To further investigate the efficiency of our approach, we also analyzed other independent microarray data for prostate cancer. The identified genes and biological processes were highly related to prostate cancer, which was supported by multiple lines of experimental evidence. The detailed results are given in Additional file 2. Thus, both a recent study [46] and the present study demonstrated that the proposed pair-wise relevance metric was useful when applied to analysis of genome-wide data and offered a promising measure to reversely engineer the underlying genetic networks for complex human diseases.

Conclusion

It can be seen that most of the previous efforts for identifying molecular determinants for complex diseases less often focused on the intricate interplays of genes responsible for the observed cancer phenotype, but were largely implemented using single-gene based statistical analysis approaches that are less efficient in providing a deep understanding of the sophisticated interplays between these genetic risk factors. In this study, we proposed and evaluated a novel relevance-concept metric (AFV) to assess the joint contributions of genes for complex diseases, followed by constructing disease-specific gene networks related to complex diseases. After that, we identified the hub genes of the constructed gene network, and then performed functional annotation and literature searching to investigate the relationship of the local elements with the studied disease. Next, we mined the three-way gene interactions (motifs), and then conducted function enrichment analysis of gene-gene and three-way gene interactions to find out the global characteristics related to disease pathogenesis. Application to a colon cancer microarray dataset demonstrated that the colon cancer-specific gene network captured the most important genetic interplays in several cellular processes such as differentiation, mitogenesis, proliferation, apoptosis, inflammation and immunity that are known to be pivotal for tumorigenesis. Further analysis of the topological architectures of the network identified three known hub cancer genes (IL8; DES and ENO1), while two novel hub genes (RBM9 and RPL30) may define new central elements in the gene network specific to colon cancer. Gene Ontology based analysis of the colon cancer-specific gene network and the subnetwork consisted of three-way gene interactions suggested that the tumorigenesis in colon cancer was resulted from dysfunction in 'protein biosynthesis' and the categories associated with ribonucleoprotein complex. In conclusion, this study demonstrated that the newly developed relevancy-based networking approach offered a powerful means to mine joint contributions of genes for complex diseases and reverse-engineered the de nova disease-specific network, a promising tool for systematic dissection of complex diseases.

Methods

Definitions

A gene chip, a snapshot of the mRNA transcriptional activities of p genes in n tissue samples collected from either cancer or health patients, mathematically can be described by a n × p matrix, X = (x ij ), where x ij represents the expression level for the j th gene (g j ) on the i th sample (X i ). The data for each sample consists of a vector of expression profile, X i = (xi 1, xi 2, ..., x ip ) and a category label (y i ) describing the physiological (or pathological) condition that a subject has (e.g. diseased or healthy).

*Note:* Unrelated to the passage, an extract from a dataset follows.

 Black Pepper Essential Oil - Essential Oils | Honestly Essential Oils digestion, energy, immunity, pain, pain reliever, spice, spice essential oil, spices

In our previous studies, we developed a systematic ensemble decision approach for hunting for disease genes using microarray expression profiling. The basic strategies were as follows. (i) To build all possible gene subsets by repeated learning and testing of multiple resampling-generated training and test datasets that were used for mapping the underlying molecular pathways that lead to complex disease. As a disease relevant gene subset was obtained by using a tree-based recursive partitioner, we named gene forest for the pool of such gene subsets; (ii) To identify all the disease relevant genes based on the behaviour and role of the molecular features in the gene forest. To this end, we defined a marginal relevance index that measured its contribution to the gene forest and derived a formula called ensemble vote, FV, which was the weighted frequency estimate of a putative disease gene that appeared in the trees of the forest. In the present study, we extended the ensemble-decision approach to identify disease-relevance gene-gene interactions and to build disease-specific gene networks.

Definition 1

The relevance of a gene-gene interaction pair (g i , g j ) for a disease is defined as their joint contribution to the gene forest for the disease. We claim that the gene-gene interaction is relevant to the disease if g i and g j appear simultaneously at a significantly higher frequency in the same trees in the forest than that in a random forest that corresponds to the null hypothesis of no gene-disease relevance.

Definition 2

Given an undirected graph, G, which comprises a set of vertices (genes) V and a set of edges, E ⊆ V × V, the graph, G, is a disease-relevant gene network if every edge <ν1, ν2> in E is a disease-relevant gene-gene interaction.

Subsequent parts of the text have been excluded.